* Problem requirements:
Wherever the word "Foto" appears in a line of the records, copy that line.
---------- Source data ----------
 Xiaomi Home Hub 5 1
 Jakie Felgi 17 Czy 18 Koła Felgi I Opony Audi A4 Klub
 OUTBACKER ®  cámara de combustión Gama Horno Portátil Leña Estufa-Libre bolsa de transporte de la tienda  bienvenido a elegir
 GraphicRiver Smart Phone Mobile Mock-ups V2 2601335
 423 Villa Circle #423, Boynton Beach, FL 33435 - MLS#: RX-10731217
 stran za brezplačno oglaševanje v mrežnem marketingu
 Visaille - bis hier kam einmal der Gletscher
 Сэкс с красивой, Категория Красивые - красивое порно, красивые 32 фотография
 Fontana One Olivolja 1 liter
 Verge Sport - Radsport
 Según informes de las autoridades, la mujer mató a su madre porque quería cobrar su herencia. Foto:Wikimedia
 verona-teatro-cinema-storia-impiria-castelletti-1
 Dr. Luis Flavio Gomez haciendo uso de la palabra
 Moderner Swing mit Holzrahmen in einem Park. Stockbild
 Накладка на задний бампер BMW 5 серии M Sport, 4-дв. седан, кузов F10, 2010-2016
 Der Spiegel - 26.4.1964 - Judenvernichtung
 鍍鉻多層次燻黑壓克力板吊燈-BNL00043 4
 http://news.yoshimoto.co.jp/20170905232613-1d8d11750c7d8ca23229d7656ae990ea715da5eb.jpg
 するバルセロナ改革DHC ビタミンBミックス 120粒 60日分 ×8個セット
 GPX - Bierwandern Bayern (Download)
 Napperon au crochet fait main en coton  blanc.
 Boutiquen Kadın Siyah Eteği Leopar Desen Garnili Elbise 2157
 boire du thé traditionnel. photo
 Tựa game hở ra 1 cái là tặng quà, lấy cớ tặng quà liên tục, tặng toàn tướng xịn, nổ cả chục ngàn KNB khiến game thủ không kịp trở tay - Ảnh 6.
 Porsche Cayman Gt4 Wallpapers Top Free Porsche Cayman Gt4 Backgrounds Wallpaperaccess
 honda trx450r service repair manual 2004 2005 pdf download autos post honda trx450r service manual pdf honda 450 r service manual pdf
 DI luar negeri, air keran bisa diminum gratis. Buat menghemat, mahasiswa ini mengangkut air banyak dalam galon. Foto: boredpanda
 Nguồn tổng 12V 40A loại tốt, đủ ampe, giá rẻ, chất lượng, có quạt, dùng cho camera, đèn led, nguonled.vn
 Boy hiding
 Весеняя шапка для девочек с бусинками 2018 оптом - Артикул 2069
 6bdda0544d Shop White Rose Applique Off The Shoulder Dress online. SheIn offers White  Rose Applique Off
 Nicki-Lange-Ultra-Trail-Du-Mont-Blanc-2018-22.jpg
----------
* Exercise solution:
 Según informes de las autoridades, la mujer mató a su madre porque quería cobrar su herencia. Foto:Wikimedia
 DI luar negeri, air keran bisa diminum gratis. Buat menghemat, mahasiswa ini mengangkut air banyak dalam galon. Foto: boredpanda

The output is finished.